A Neural Scaling Law from Lottery Ticket Ensembling

Ziming Liu,Max Tegmark
2024-02-02
Abstract:Neural scaling laws (NSL) refer to the phenomenon where model performance improves with scale. Sharma & Kaplan analyzed NSL using approximation theory and predict that MSE losses decay as $N^{-\alpha}$, $\alpha=4/d$, where $N$ is the number of model parameters, and $d$ is the intrinsic input dimension. Although their theory works well for some cases (e.g., ReLU networks), we surprisingly find that a simple 1D problem $y=x^2$ manifests a different scaling law ($\alpha=1$) from their predictions ($\alpha=4$).
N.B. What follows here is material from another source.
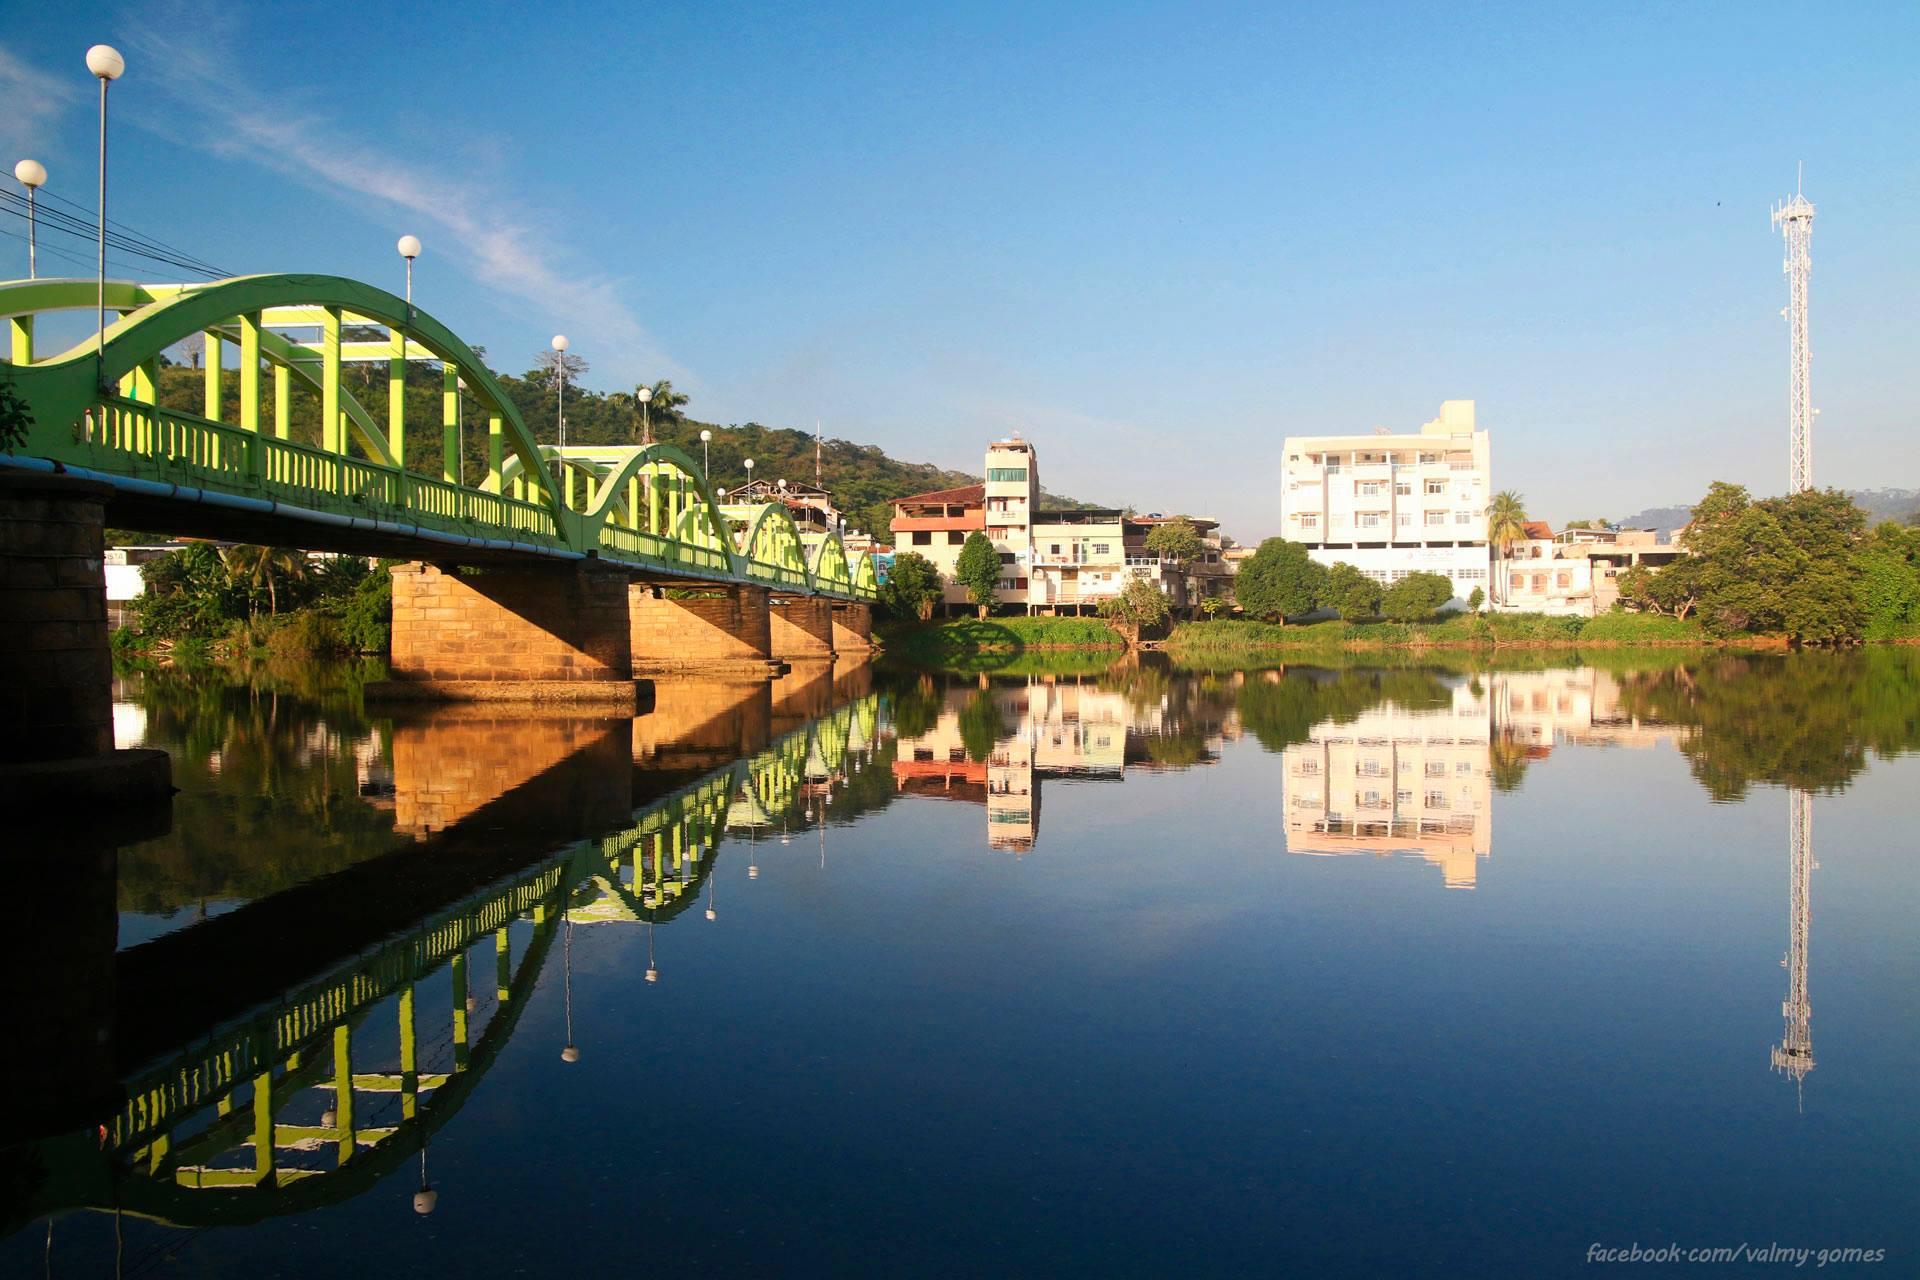 Santo Antônio de Pádua Rio de Janeiro fonte: upload.wikimedia.org

We opened the neural networks and found that the new scaling law originates from lottery ticket ensembling: a wider network on average has more "lottery tickets", which are ensembled to reduce the variance of outputs. We support the ensembling mechanism by mechanistically interpreting single neural networks, as well as studying them statistically. We attribute the $N^{-1}$ scaling law to the "central limit theorem" of lottery tickets. Finally, we discuss its potential implications for large language models and statistical physics-type theories of learning.
Machine Learning,Artificial Intelligence,Data Analysis, Statistics and Probability
What problem does this paper attempt to address?
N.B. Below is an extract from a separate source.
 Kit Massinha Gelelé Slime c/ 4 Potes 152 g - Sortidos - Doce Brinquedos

The problem this paper attempts to address is the phenomenon of performance improvement in neural networks as they scale (i.e., Neural Scaling Laws, NSL). Specifically, the authors have discovered a new neural scaling law, where the loss function decays as \( N^{-1} \) with the increase in the number of model parameters. This finding differs from the predictions of existing theories, particularly for simple 1-dimensional problems like \( y = x^2 \), where current approximation theories fail to accurately predict this decay pattern. The authors explain this new scaling law by analyzing the "Lottery Tickets" mechanism, suggesting that wider networks generally possess more "lottery tickets," which can be integrated to reduce the variance of the output. Additionally, the authors explore the potential implications of this mechanism for large-scale language models and statistical physics-like theories of learning. In summary, the paper aims to reveal a new neural scaling mechanism and provide an understanding of the principles behind it.